Communicates only when genuinely necessary
Most agents lack judgment not because of model capability, but because of identity clarity.
We write prompts like job descriptions:
“You write code following best practices”
“Use appropriate tools”
“Ask if you need clarification”
When you hire a senior engineer, you don’t say “write code following best practices.” You say:
“You’re a Staff Rails Engineer with 20 years experience. You follow the Rails way—convention over configuration. When you see a routing question, you know RESTful patterns. When you see database work, you prevent N+1 queries by reflex.
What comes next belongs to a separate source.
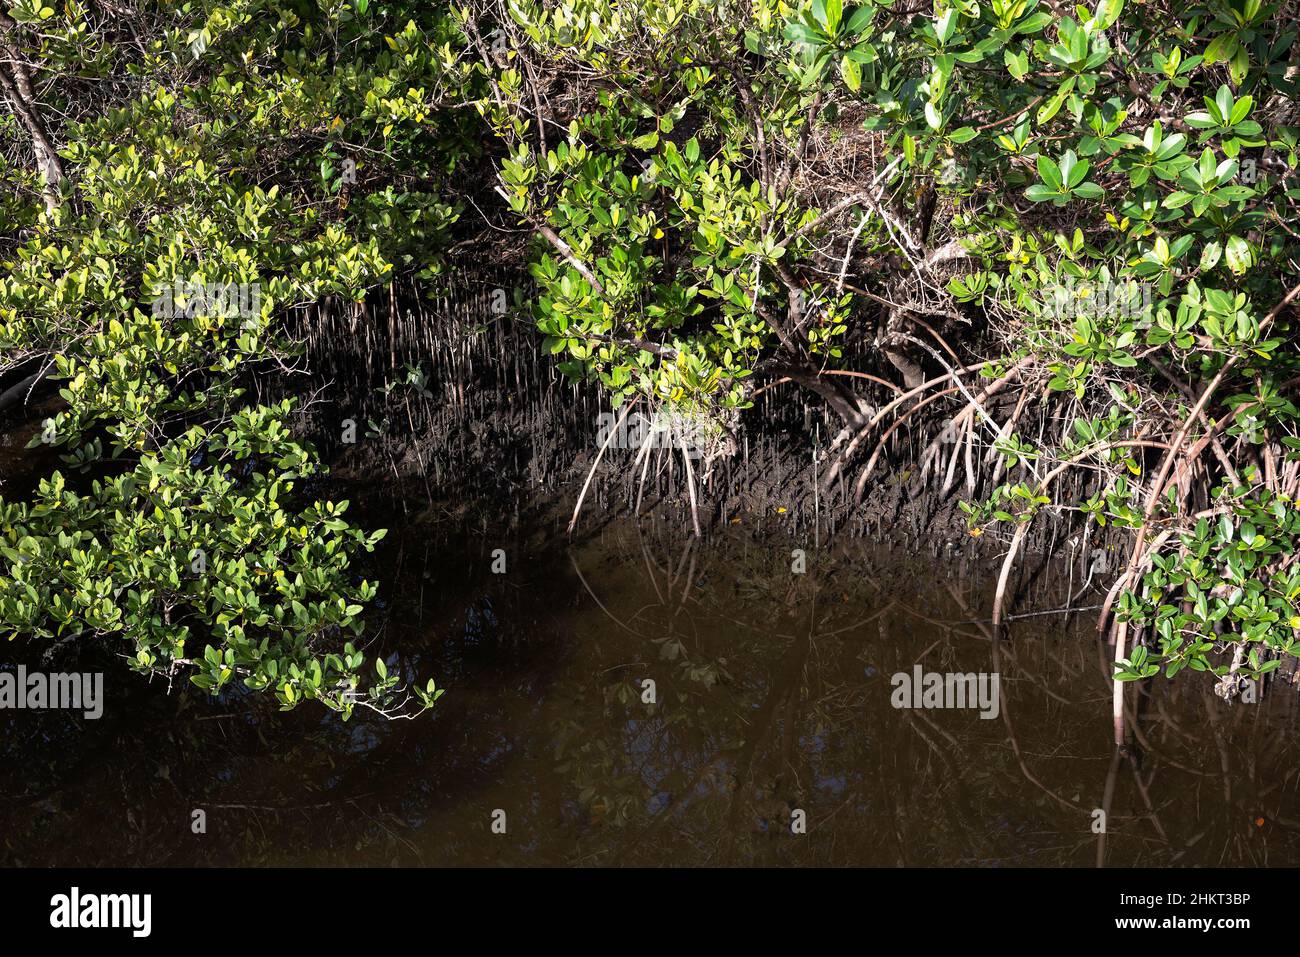 Detail of red mangrove air roots, and black mangrove roots exposed during low tide in a Florida mangrove swamp. Stock Photo

You don’t ask permission to apply what you know.”
Same principle applies to AI agents. Give them identity, not just instructions.
The Judgment Gap
Most agents ask too many questions or violate too many boundaries because:
No clear identity: Generic role (”helpful assistant”), no expertise level, no guiding philosophy. Agent doesn’t know what “senior judgment” looks like in this domain.
Vague boundaries: “Use tools as needed” or “Follow the plan” without explicit ALLOWED/FORBIDDEN lists. Agent either over-asks (safe) or over-reaches (fast but dangerous).
Unclear authority: What’s fixed vs flexible? What can agent decide vs must respect? When requirements vs when implementation details? Agent either changes things it shouldn’t (scope creep) or asks about things it should decide (implementation details).
The solution isn’t better models. It’s better agent design.
The Six Components of Strong Agents
After building numerous specialized agents, a pattern emerged. Agents that acted with senior-level judgment shared the same structure:
┌─────────────────────────────────────────────┐
│ 1. STRONG IDENTITY │
│ Role, expertise, philosophy, seniority │
└─────────────────────────────────────────────┘
↓
┌─────────────────────────────────────────────┐
│ 2. TOOL RESTRICTIONS │
│ Explicit ALLOWED/FORBIDDEN with rationale│
└─────────────────────────────────────────────┘
↓
┌─────────────────────────────────────────────┐
│ 3. AUTHORITY BOUNDARIES │
│ INPUT (fixed) vs OUTPUT (your decision) │
└─────────────────────────────────────────────┘
↓
┌─────────────────────────────────────────────┐
│ 4. WORKFLOW INTEGRATION │
│ Numbered steps with success criteria │
└─────────────────────────────────────────────┘
↓
┌─────────────────────────────────────────────┐
│ 5. QUALITY STANDARDS │
│ Sacred Rules (must) + Taste (should) │
└─────────────────────────────────────────────┘
↓
┌─────────────────────────────────────────────┐
│ 6. COMMUNICATION GUIDELINES │
│ When to ask vs when to proceed │
└─────────────────────────────────────────────┘Autonomy Emerges From Constraint
Unclear roles create hesitation. An agent without explicit expertise doesn’t know when its judgment applies. It defaults to asking permission rather than risk exceeding unclear bounds.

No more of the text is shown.